FedEx Corp., for example, agreed to a $228 million settlement last year with thousands of California drivers after a U.S. Circuit Court ruled they had been misclassified. Uber and Lyft face similar claims.
Georgia is in the midst of the misclassification fray. Construction workers in Atlanta, truck drivers at the port of Savannah, and film industry workers statewide have all claimed that employers cheated them of wages.
Not all cases involve big companies. A Chinese restaurant owner in Jonesboro was ordered by the Labor Department two years ago to pay $2 million in back wages to 84 waiters and kitchen staffers. A Marietta printer paid $32,000 to 69 misclassified workers. And an Atlanta judge awarded 73 strippers at The Onyx in Atlanta a total of $1.6 million in back pay.
Cost to taxpayers
Misclassification costs taxpayers as well as workers. Businesses that wrongfully hire independent contractors typically don’t cover worker’s compensation, payroll taxes or unemployment insurance. The Government Accountability Office reported a decade ago that misclassification cost the federal treasury $2.7 billion alone in unpaid taxes. The tally is certainly much higher today.
“I suspect this is going on on a pretty widespread basis,” said state Sen. Josh McKoon, R-Columbus, who held legislative hearings on misclassification last year.
“We had truck drivers tell us, ‘Look I’m one illnes away from being unemployed and unable to feed my family. I can’t afford to be sick and take time off.’ (And), what’s happening is that these businesses that don’t properly classify their employees are being subsidized by the state of Georgia.”

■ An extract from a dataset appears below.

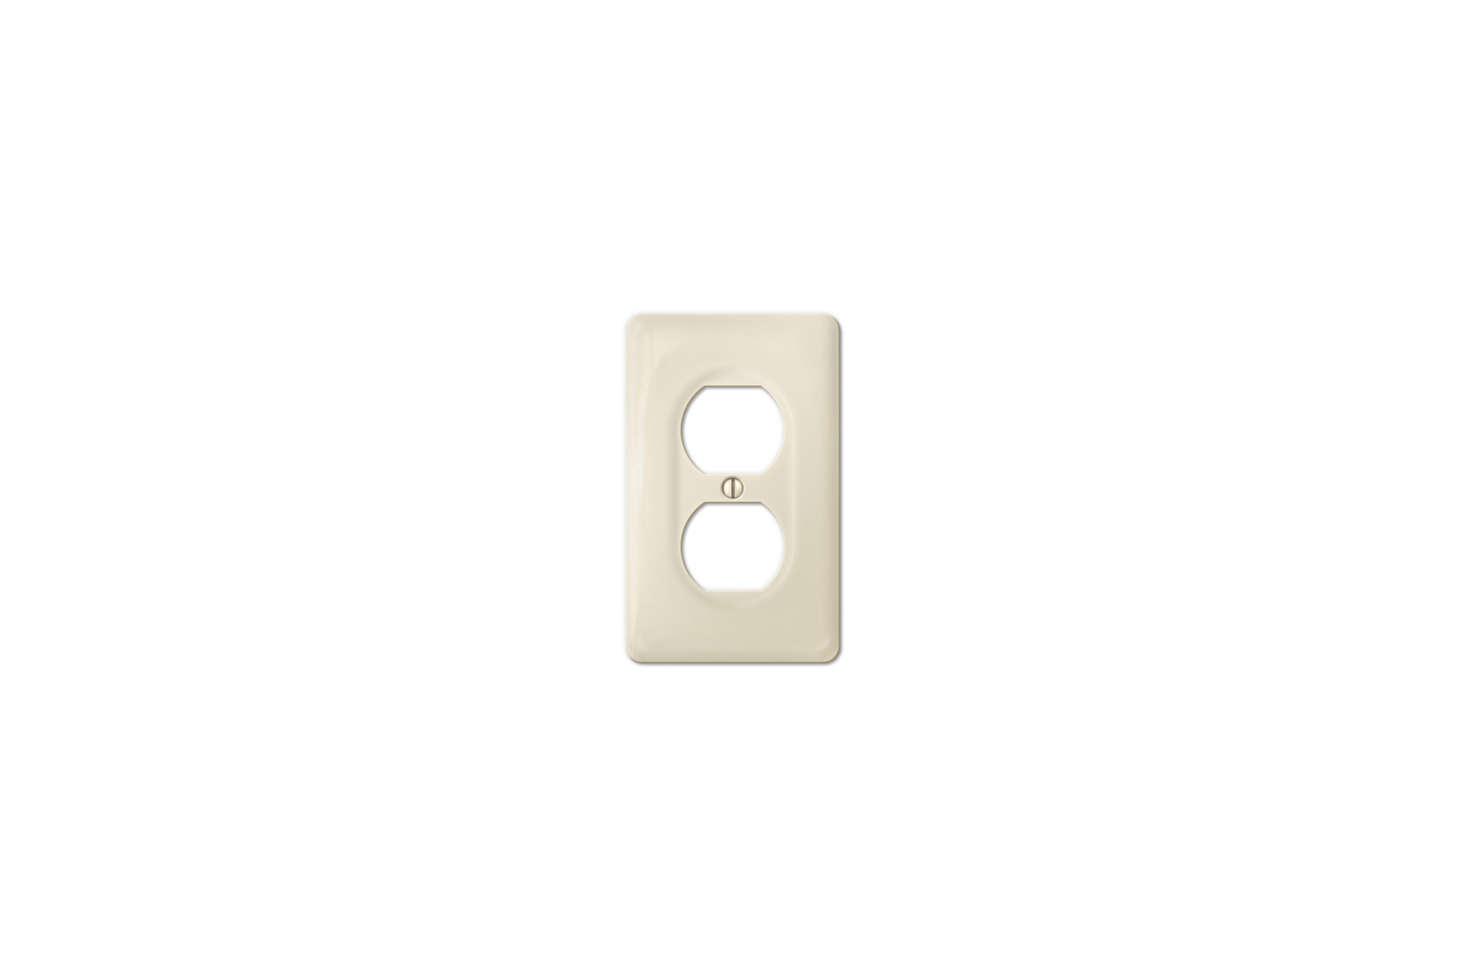 The Amerelle (30DBT) Allena Biscuit Ceramic Duplex Wallplate is $6.67 at Home Depot.

In the Flowers case, Rudolph Wordlaw of Douglasville sued the company and its Villa Rica warehouse subsidiary last December claiming he regularly worked 50-55 hours a week yet never received OT pay.
Wordlaw did not return calls seeking comment on the case.

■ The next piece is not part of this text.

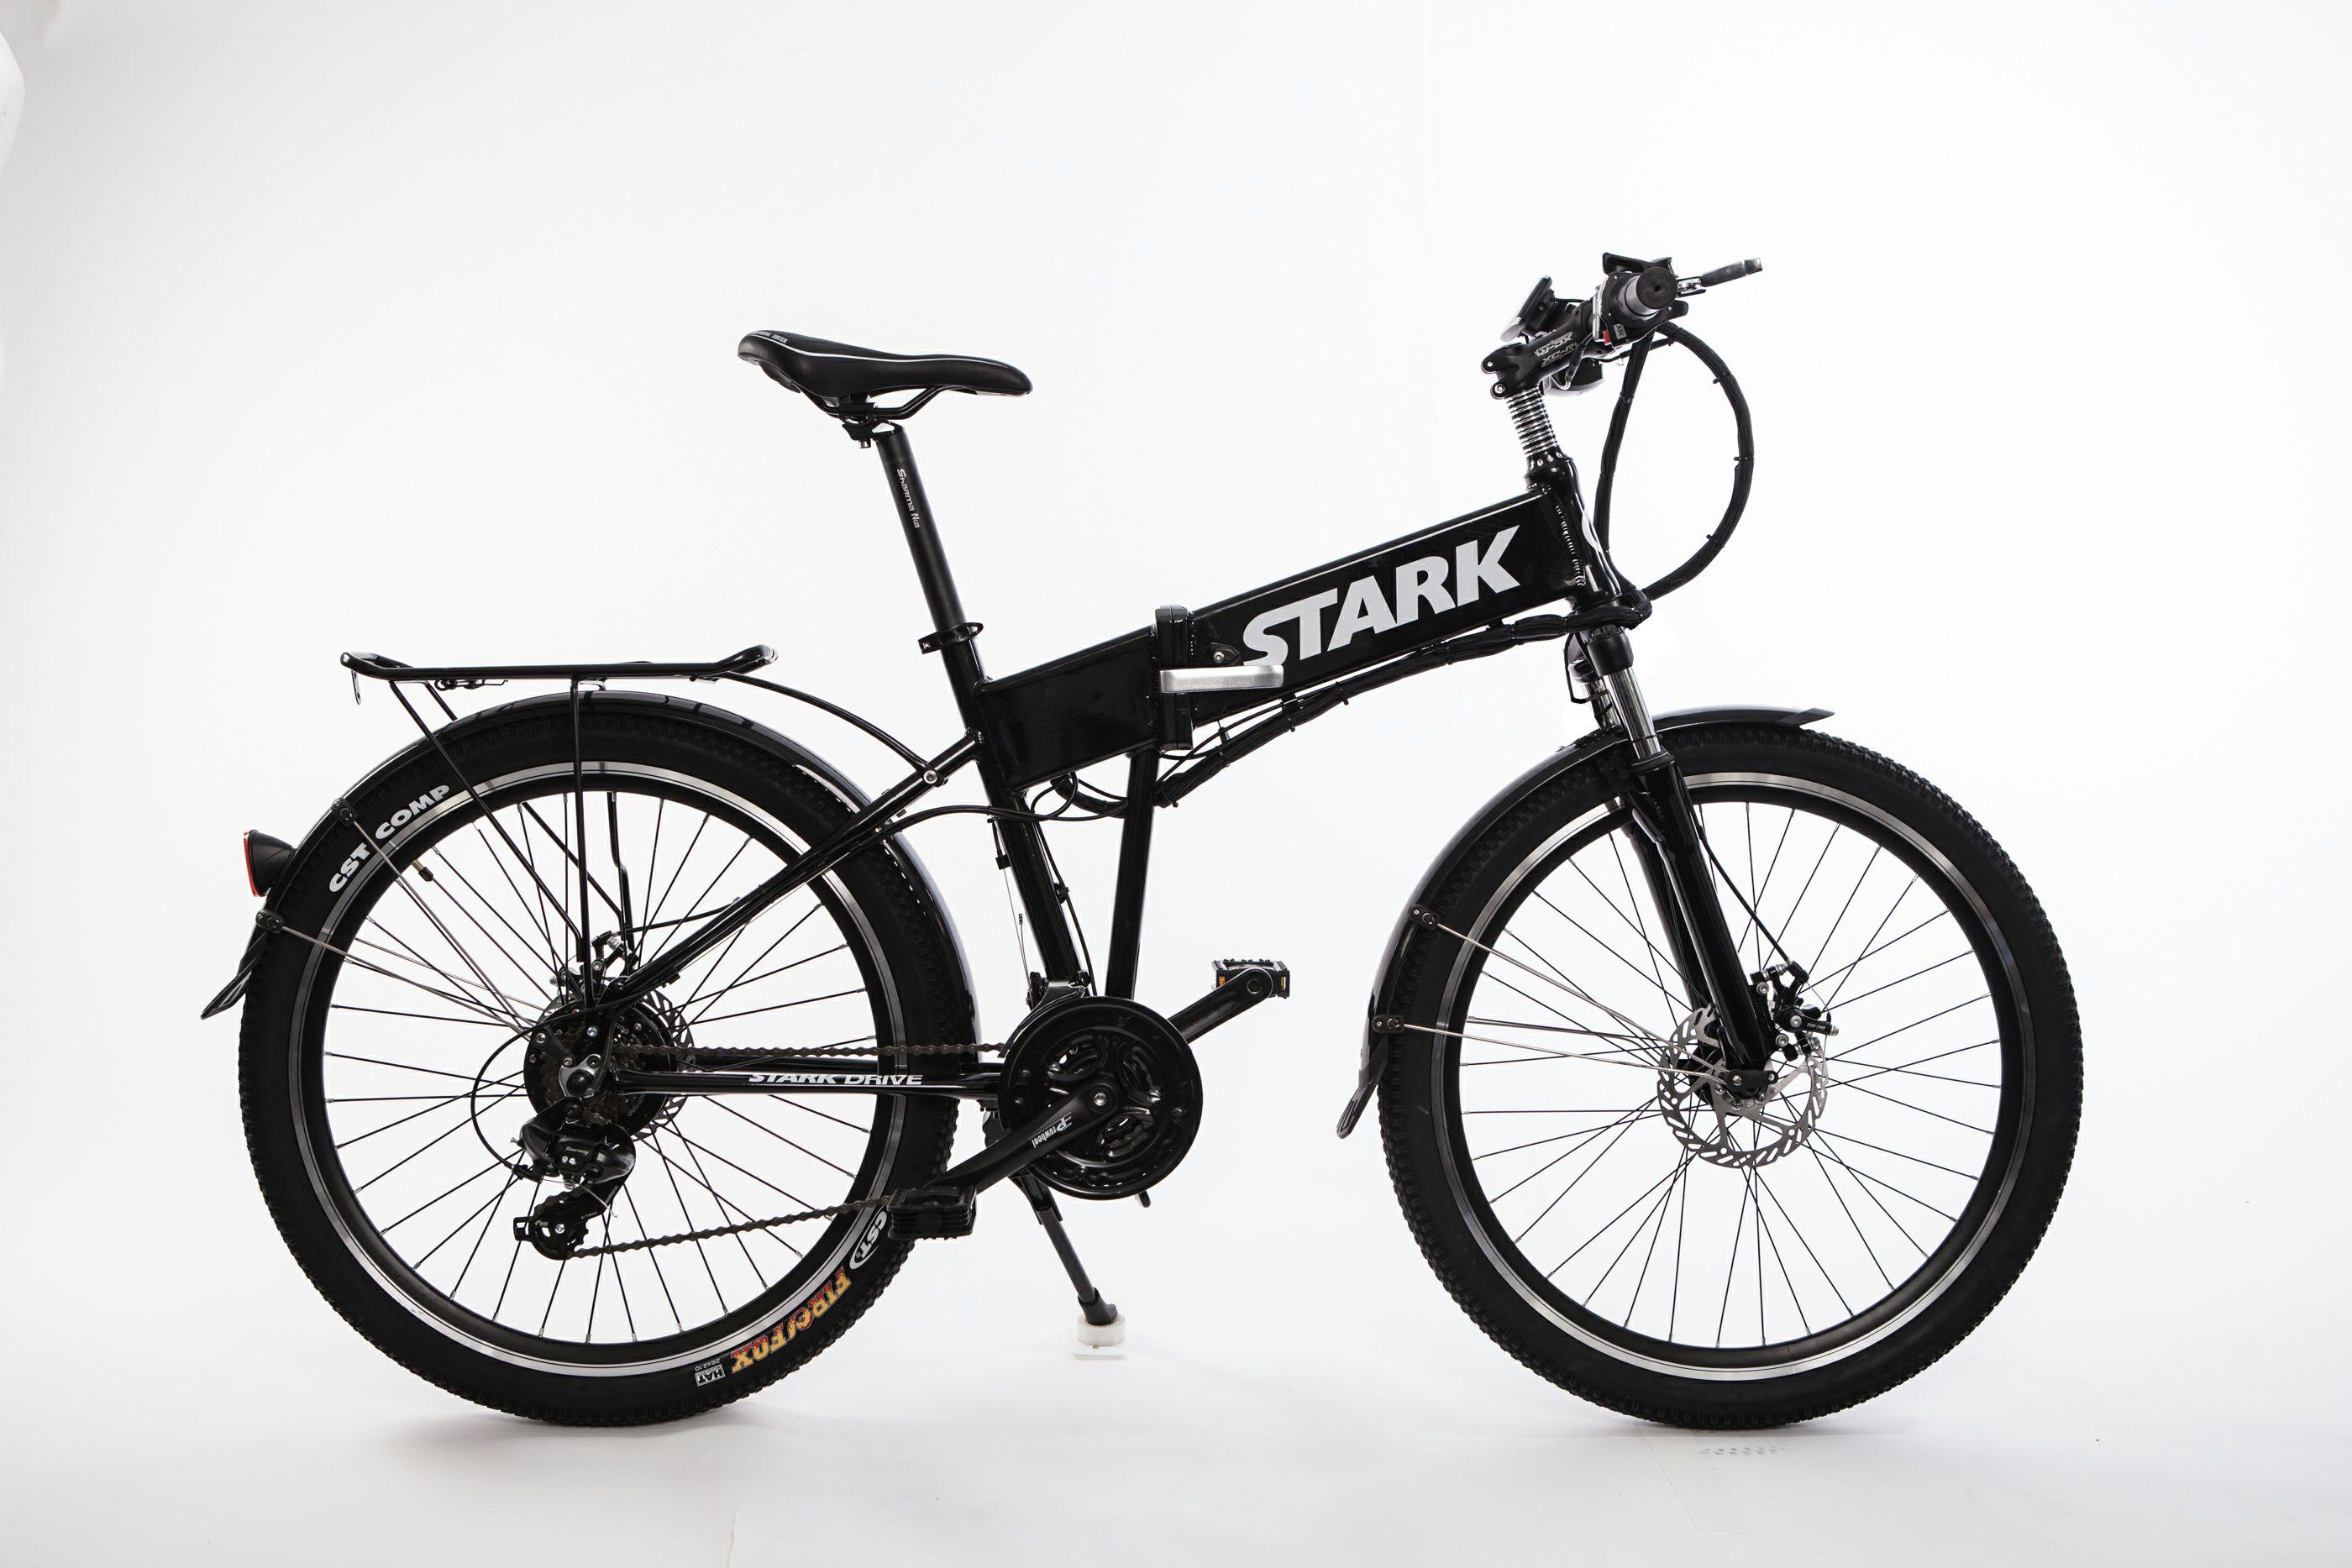 Stark E-bike Klapp Fahrrad 535€ Vorbestellung

His lawsuit says Flowers — the nation’s second largest packaged bread company with $3.7 billion in sales — controls just about every major aspect of the company-distributor-customer relationship.

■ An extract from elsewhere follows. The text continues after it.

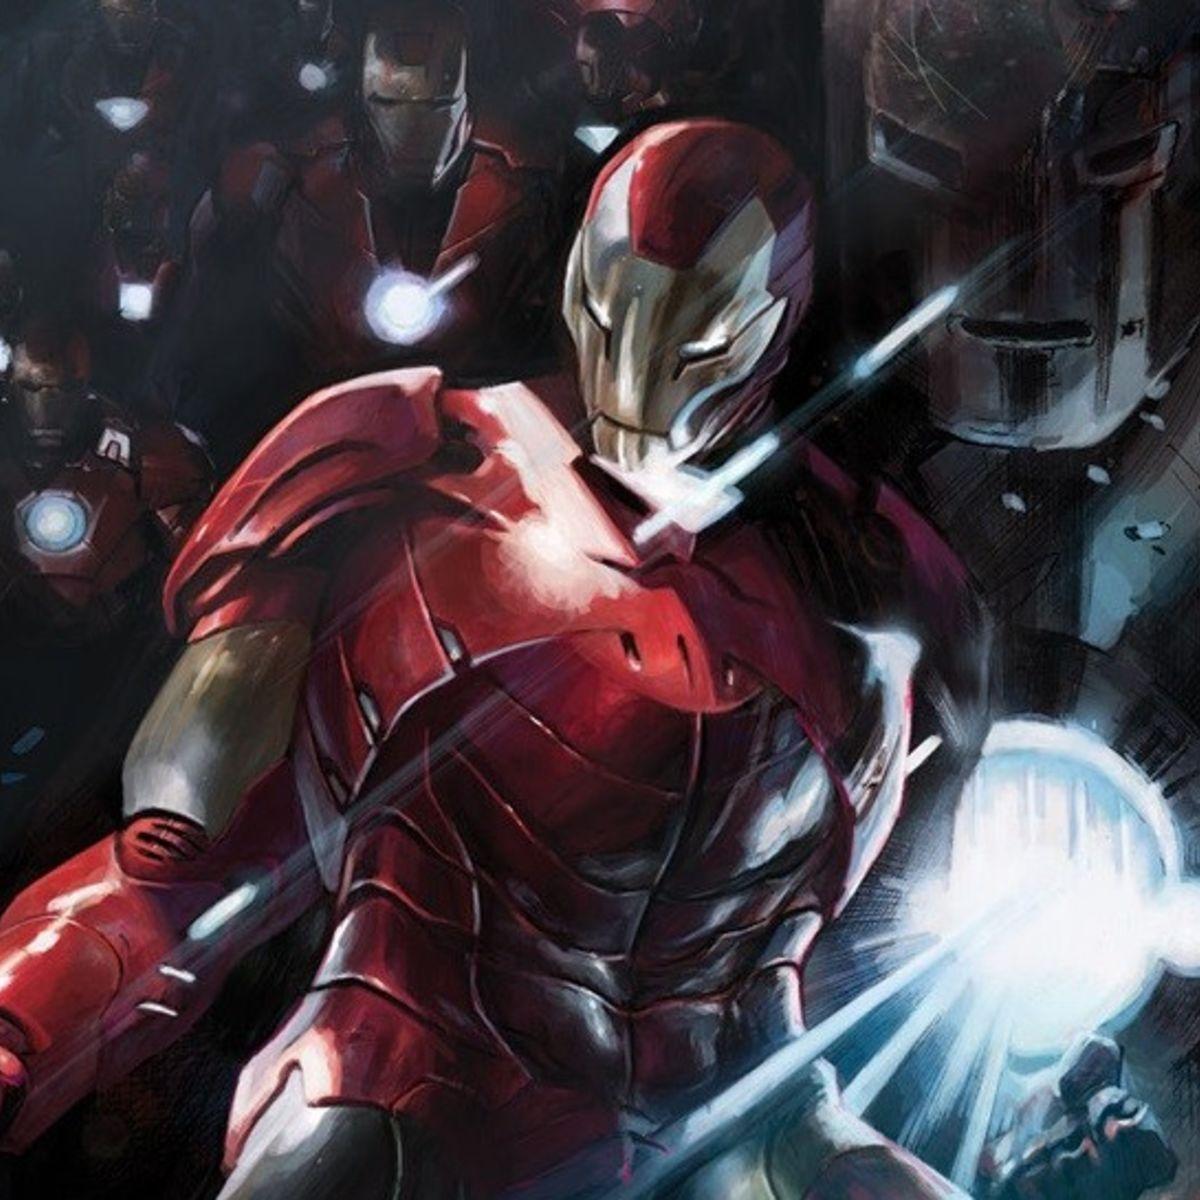 tony_stark_iron_man.jpg

An independent contractor, Worldlaw and dozens of other plaintiffs claim, would have much more say over distribution, sale and marketing of Nature’s Own, Sunbeam and Merita breads. Flowers, the lawsuits say, negotiates products, prices, displays and promotional campaigns directly with retailers.
“Distributors are dependent upon, and controlled by, the defendants and are not in business for themselves,” Wordlaw’s lawsuit contends. “The result is that distributors’ job duties and ability to earn income is tied directly to the sale and promotion of products outside of their control.”
Flowers, with 1,850 employees in Georgia and another 531 distributors, has relied upon independent drivers to distribute goods since the 1980s. A distributor buys a delivery route, sometimes with help from corporate financing, and is given exclusive rights to deliver breads and snacks within a certain territory.
“The independent distributor model … is a proven, market-driven approach to the operation of our direct-store-delivery segment,” the company said in a statement. “We believe that it results in significant benefits for independent distributors, their customers and Flowers.”
The company said, “We do not believe the Georgia lawsuit or the others being brought against the company have merit, and we intend to vigorously defend our position.”
The degree of control will be key in determining if Wordlaw and other plaintiffs are deemed independent contractors or employees, labor experts predict. A year ago the Labor Department updated its misclassification guidelines saying employers “should be wary of classifying as independent contractors merely because workers control some aspects of their job.”
Catherine Ruckelshaus, an attorney with the left-leaning National Employment Law Project in New York, said the drivers appear to have the upper legal hand in their fight against Flowers.
“When you’re an independent contractor you’re supposed to be running your own business,” she said. “But these drivers are not able to pass along costs if the price of gas goes up. They can’t change what’s being charged to the customers. So it doesn’t feel like a real separate business.”